Assignment #6

Questions

7E1. State the three motivating criteria that define information entropy. Try to express each in your own words.

# The three conditions that motivate the principle of information theory are as follows:
# Continuity: To maintain comparability, uncertainty must be quantified on a continuous scale with comparable intervals.
# Additivity: Total uncertainty is calculated by summing the uncertainties for each prediction.
# Scalability: Uncertainty scales with the number of alternative outcomes to show changes in certainty simply as a result of the varied numbers of outcomes.

7E2. Suppose a coin is weighted such that, when it is tossed and lands on a table, it comes up heads 70% of the time. What is the entropy of this coin?

The entropy of this coin is 0.61.

# From page 206 p1 being probability of heads, and p2 being probability of tails, we may simply enter our values in the following format:
p <- c( 0.7 , 0.3 )
-sum( p*log(p) )

## [1] 0.6108643

7E3. Suppose a four-sided die is loaded such that, when tossed onto a table, it shows “1” 20%, “2” 25%, “3” 25%, and “4” 30% of the time. What is the entropy of this die?

The entropy of this die is 1.38.

p <- c(0.20, 0.25, 0.25, 0.30)
-sum(p * log(p))

## [1] 1.376227

7E4. Suppose another four-sided die is loaded such that it never shows “4”. The other three sides show equally often. What is the entropy of this die?

The entropy of the die is 1.10.

p <- c(1 / 3, 1 / 3, 1 / 3)
-sum(p * log(p))

## [1] 1.098612

7M1. Write down and compare the definitions of AIC and WAIC. Which of these criteria is most general? Which assumptions are required to transform the more general criterion into a less general one?

# Dtrain+2p is the AIC formula, where Dtrain is the in-sample training deviance and p is the number of estimated free parameters in the model. It is based on the following assumptions: Priors are either flat or overpowered by models, The posterior distribution is multivariate in nature. and Sample size >> Number of parameters

# WAIC is defined as −2(lppd−𝑝𝑊𝐴𝐼𝐶)=−2(∑𝑁𝑖=1logPr(𝑦𝑖)–∑𝑁𝑖=1𝑉(𝑦𝑖)) where Pr(𝑦𝑖) is the average likelihood of observation 𝑖 in the training sample and 𝑉(𝑦𝑖) is the variance in log-likelihood for observation 𝑖 in the training sample. It is predicated on the following assumptions: Sample size >> Number of parameters.

# The WAIC is the most comprehensive. To transition from WAIC to AIC, we must assume that the posterior distribution is multivariate Gaussian and that the priors are flat or overpowered by the likelihood

7M2. Explain the difference between model selection and model comparison. What information is lost under model selection?

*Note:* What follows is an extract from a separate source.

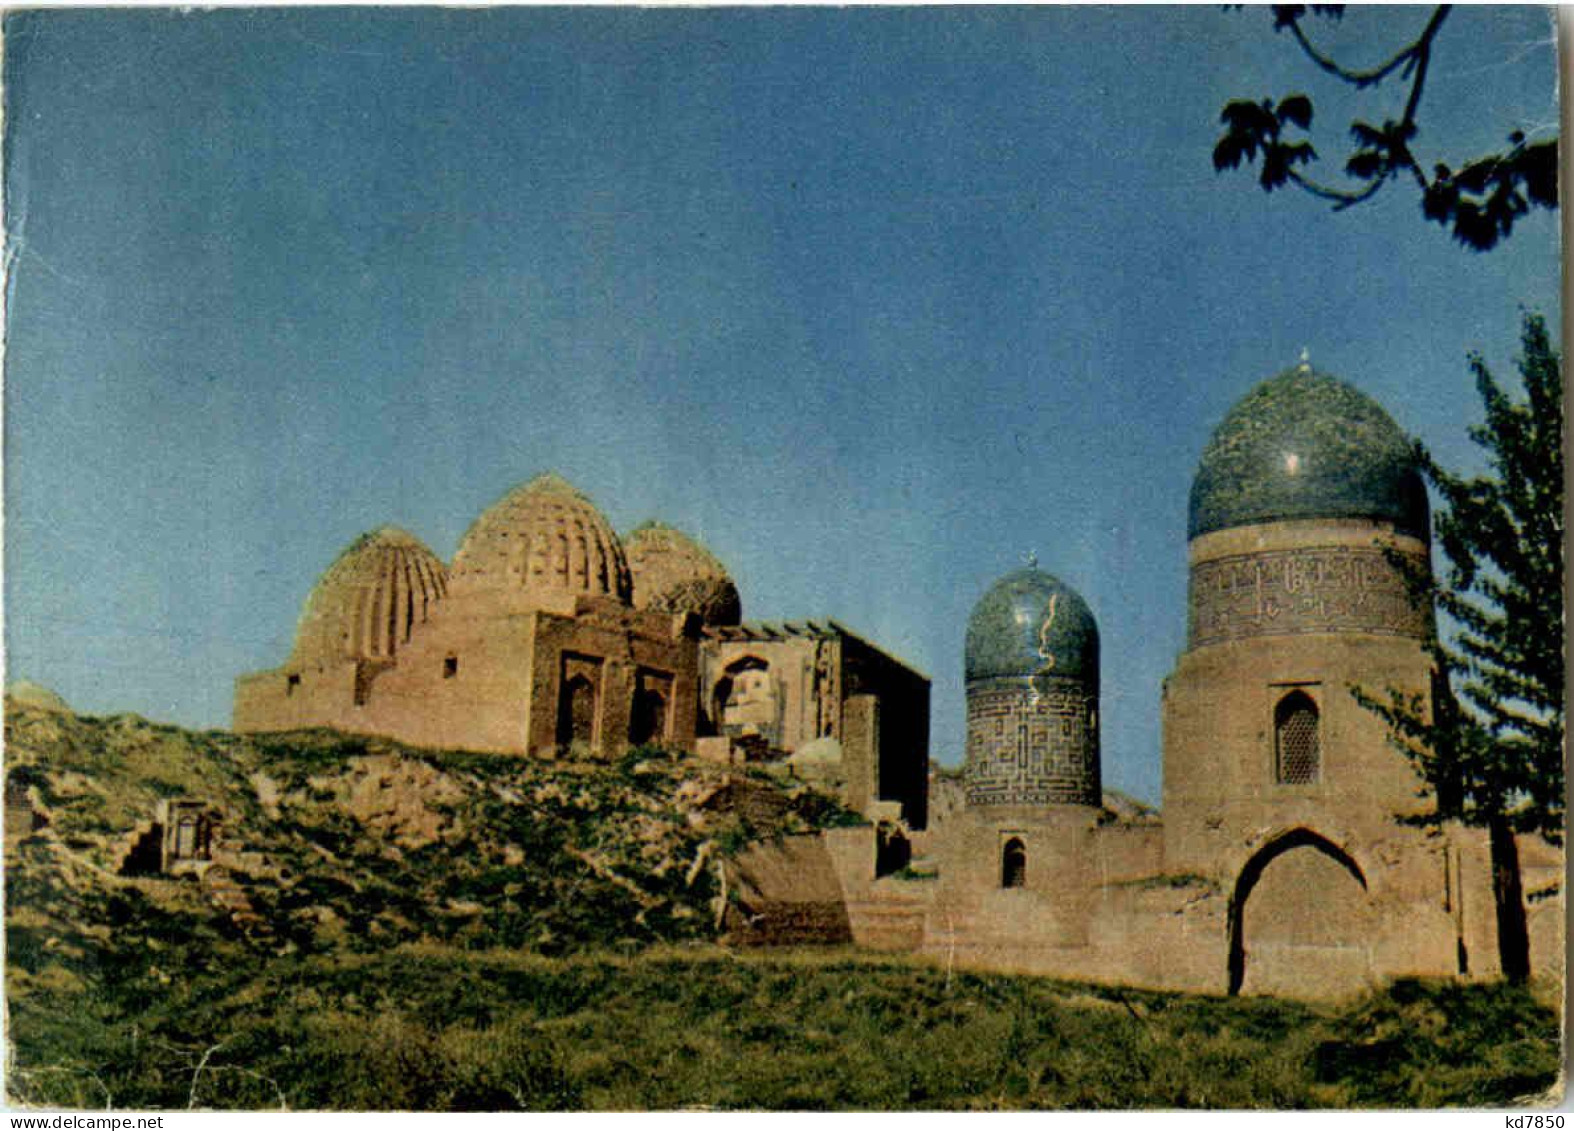 Samerqand - Usbekistan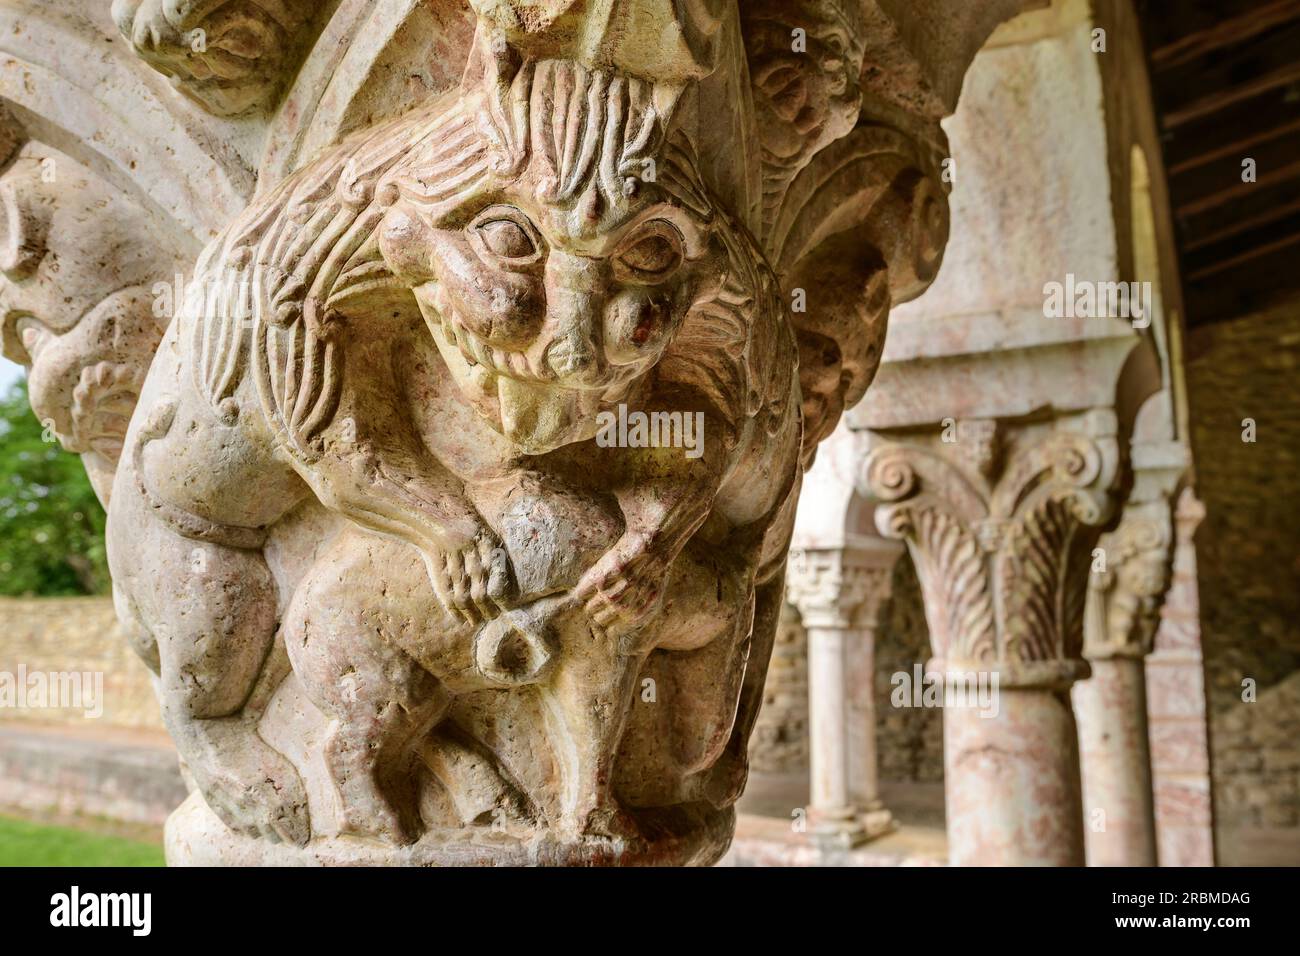 Capitale dans le cloître roman du Monastère de Saint Michel de Cuxa, Abbaye Saint Michel de Cuxa, Prades, Pyrénées, France Banque D'Images

# When choosing a model, we employ information criteria to narrow down the options and choose the one with the highest information criteria value. The DIC or WAIC are used in model comparison to create a posterior predictive distribution that includes all models. The information regarding relative model correctness included in the differences among information criteria values is lost during model selection; this is especially troublesome when the selected model only slightly outperforms its alternatives.

7M3. When comparing models with an information criterion, why must all models be fit to exactly the same observations? What would happen to the information criterion values, if the models were fit to different numbers of observations? Perform some experiments, if you are not sure.

# The deviation of all observations is used as the information criterion without being split by the number of observations (sum and not an average). According to the information criterion, a model with more data will have a bigger deviation and worse accuracy, hence it is not acceptable to compare models with different numbers of observations.

# The WAIC may be calculated for models with varied numbers of observations to corroborate this.

library(rethinking)
data(Howell1)
str(Howell1)

## 'data.frame':    544 obs. of  4 variables:
##  $ height: num  152 140 137 157 145 ...
##  $ weight: num  47.8 36.5 31.9 53 41.3 ...
##  $ age   : num  63 63 65 41 51 35 32 27 19 54 ...
##  $ male  : int  1 0 0 1 0 1 0 1 0 1 ...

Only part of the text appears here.